SW: I like things that other people largely dont
know about, but are very, very well run, very
intriguing. One of them is from a specialty company
kind of along the lines of Apple. Bang & Olufsen has
a cell phone called the Serene cell phone and it
doesnt look like a phone in any way. Its like a little
fold-up clam shell with an odd shape. Its soft
rubber, with no display and no buttons. You cant
even tell its a camera phone because the camera
lens is built into a hinge. You start to open the phone
and a motor opens it up for you. The dial goes
around in a circle, sort of reminding you of the old
rotary dial phones. In the middle of the circle is the
little scroll wheel on the user interface with the click
buttons to operate through the menu system. The
menu operates very much like the iPod and its just
the most gorgeous phone in the world. It does all
the things that a modern phone does. I love showing
off products that have a lot of unique and different
thinking and yet work so well. Everybody is amazed
by it.

Babson: Here we are 30 years past the start of the
PC revolution; if you were 20 again what would you
do, how would you change computing?

SW: I honestly dont have the answer. Computing is
pretty much in the right place, but I sure like
portability and computers need to keep getting
smaller.

Ive got this little device that displays a little laser-
created keyboard on any table surface. It doesnt
work well enough to use now, but what if eventually
those three lasers were able to produce a full color
display? I could carry this thing that is the size of a
salt shaker in my pocket and it displays a full color
keyboard in front of me on whatever surface I have,
a table, paper, or whatever. Then I can touch-type
using it.
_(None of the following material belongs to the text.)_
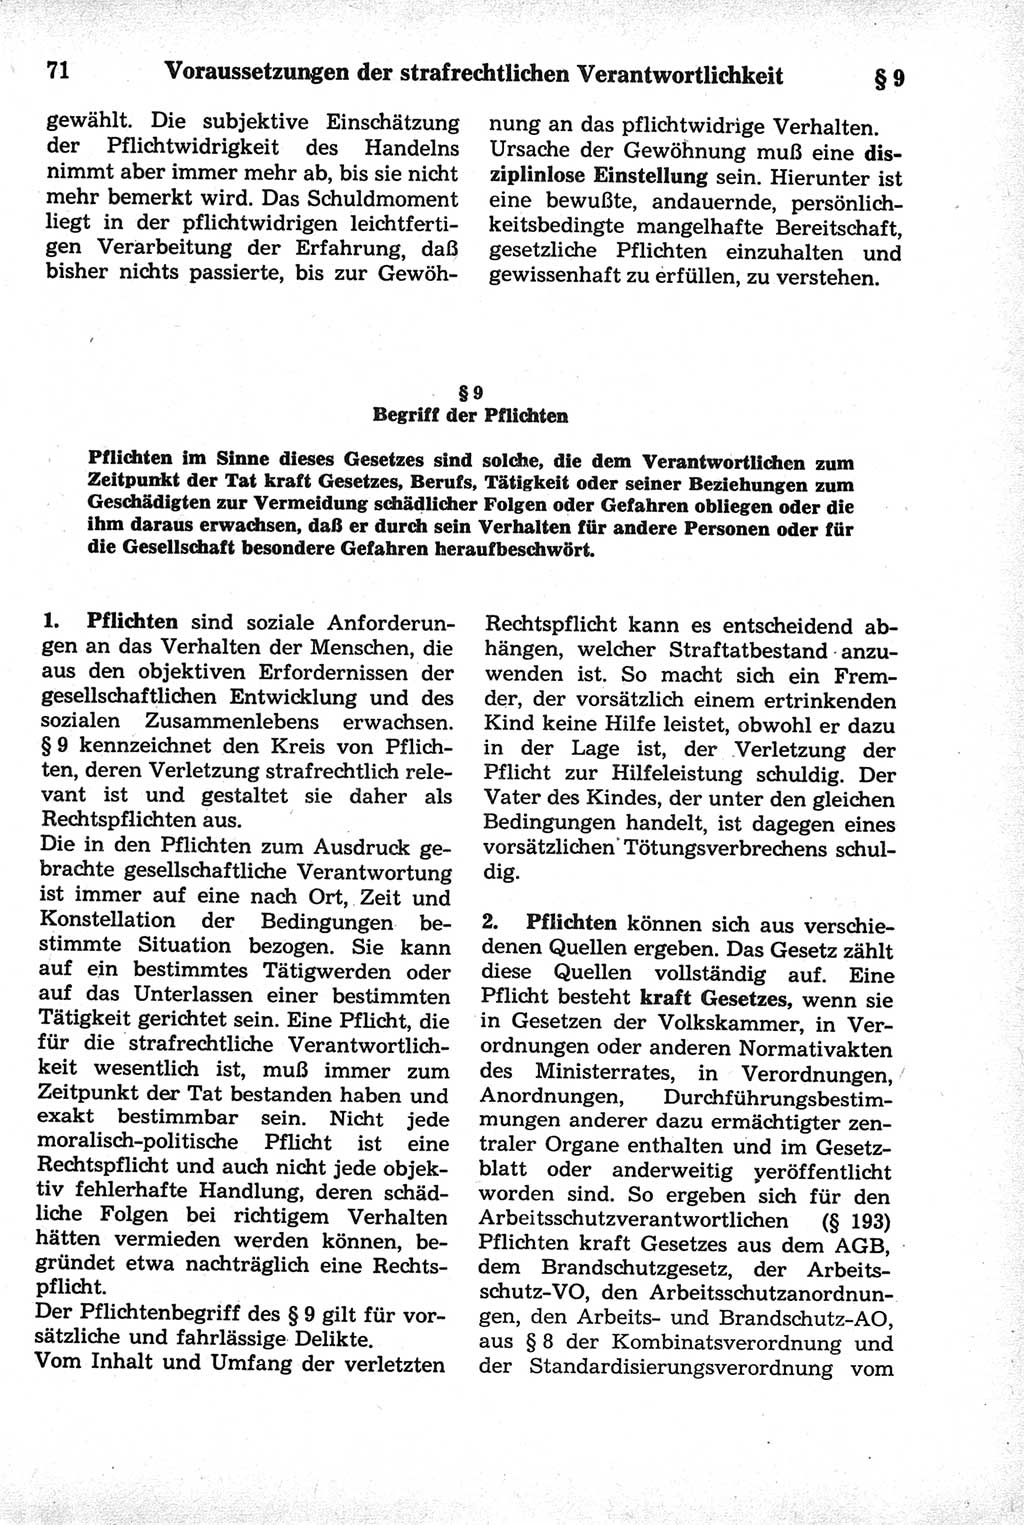 Strafrecht der Deutschen Demokratischen Republik (DDR), Kommentar zum Strafgesetzbuch (StGB) 1981, Seite 71 (Strafr. DDR Komm. StGB 1981, S. 71)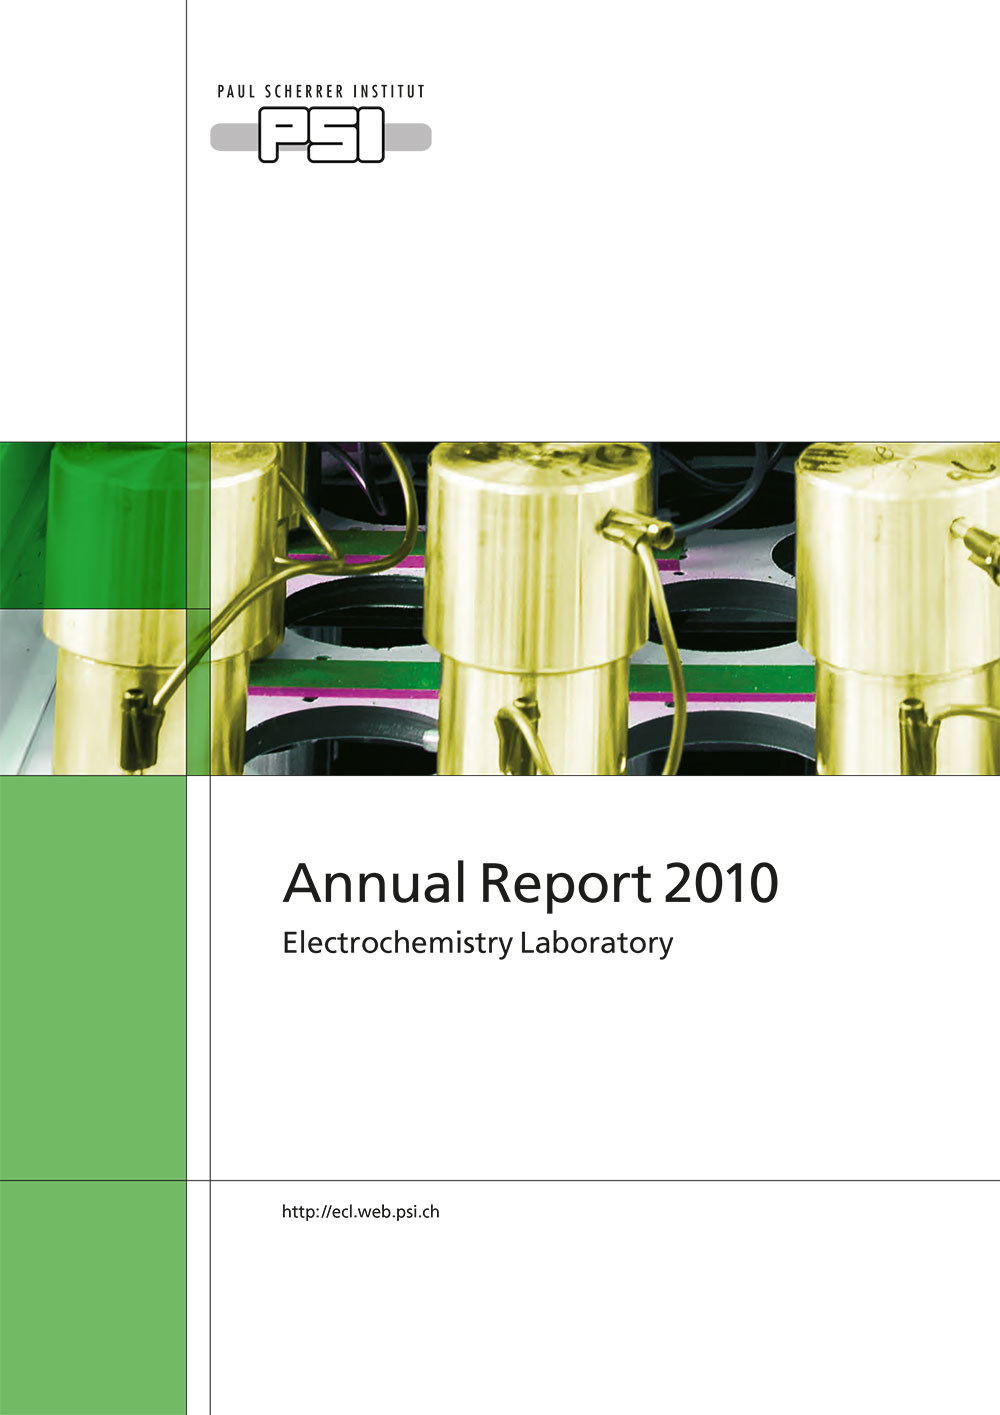 LEC annual report 2010

Eventually it could be a touch screen. Now
that would be very nice. I could have the full
computer, as full as todays, minus the CD and DVD
and carry it in my pocket. That would be interesting;
having a strong, full computer thats portable and
not be limited to the tiny display of a cell phone.


Babson: What are you working on now? What drives
your passion and enthusiasm? What might we see
out of the Woz in the future?

SW: Ever since my last son graduated from high
school Ive been really busy. I wrote a book. Im on
an exploration drive to the South Pole with a group
of people including former astronaut Buzz Aldrin.
And we have this new starter company where my
role is not clear yet. Its a chip-making company. I
wont be deciding what chips to make; I want a role
that sort of defines what the technology will be.